Question

Consider the cyclic process ABCA on a sample of $2.0mol$ of an ideal gas as shown in figure. The temperature of the gas at A and B are $300K$ and $500K$ respectively. A total of $1200J$ heat is withdrawn from the sample in the process. Find the work done by the gas in part BC. take $R=8.3J/mol-K$

Answer 1

From first law of thermodynamics,

$\Delta U=q+W$

The change in internal energy during the cyclic process is zero.
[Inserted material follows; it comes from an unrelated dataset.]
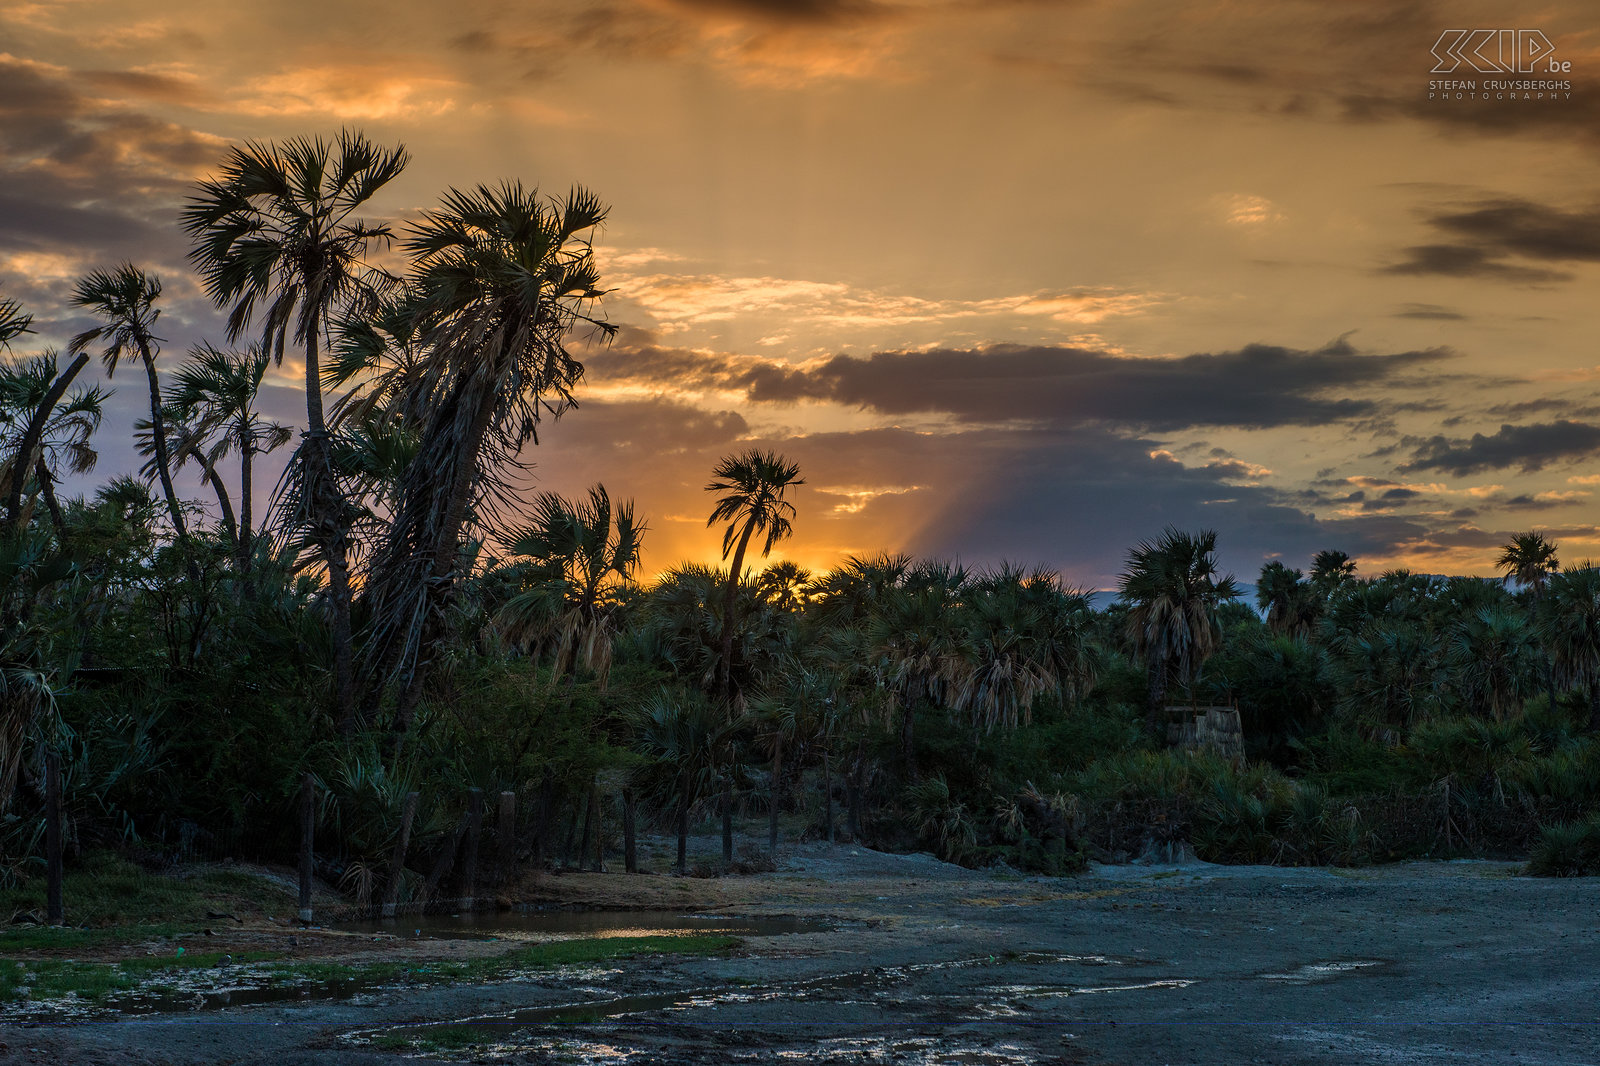 Loiyangalani - Sunrise Fantastic sunrise in the palm oasis of Loiyangalani. Stefan Cruysberghs

Therefore, heat supplied to the gas is equal to work done by it, i.e.,

$q=-W$

As the heat is withdrawn from the sample, thus

$q=-1200J$

Therefore,

$W_{Total}=-(-1200)=+1200J$

As the cyclic process is traced anticlockwise, the net work done by the system is negative.

$\therefore W=-1200$

Now from fig.,

$W=W_{A\to B}+W_{B\to C}+W_{C\to A}$

$\Rightarrow W_{A\to B}+W_{B\to C}+W_{C\to A}=-1200.....\left(1\right)(\because W=-1200J)$

Now, work done during process $A\to B$,

$W_{A\to B}=P\Delta V=nR\Delta T(\text{From ideal gas equation, i.e.,}PV=nRT)$

$\therefore W_{A\to B}=nR(T_B-T_A)$

$\Rightarrow W_{A\to B}=2\times 8.314\times (500-300)$

$\Rightarrow W_{A\to B}=3325.6J$

Now work done during process $B\to C$,

$W_{B\to C}=?$

Now work done during process $C\to A$,

$W_{C\to A}=0(\because \text{V is constant, i.e.,}\Delta V=0)$

Now from ${eq}^n\left(1\right)$, we have

$3325.6+W_{B\to C}+0=-1200$

$\Rightarrow W_{B\to C}=-1200+(-3325.6)=-4525.6J$

Hence the work done by the gas in process $B\to C$ is $-4525.6J$.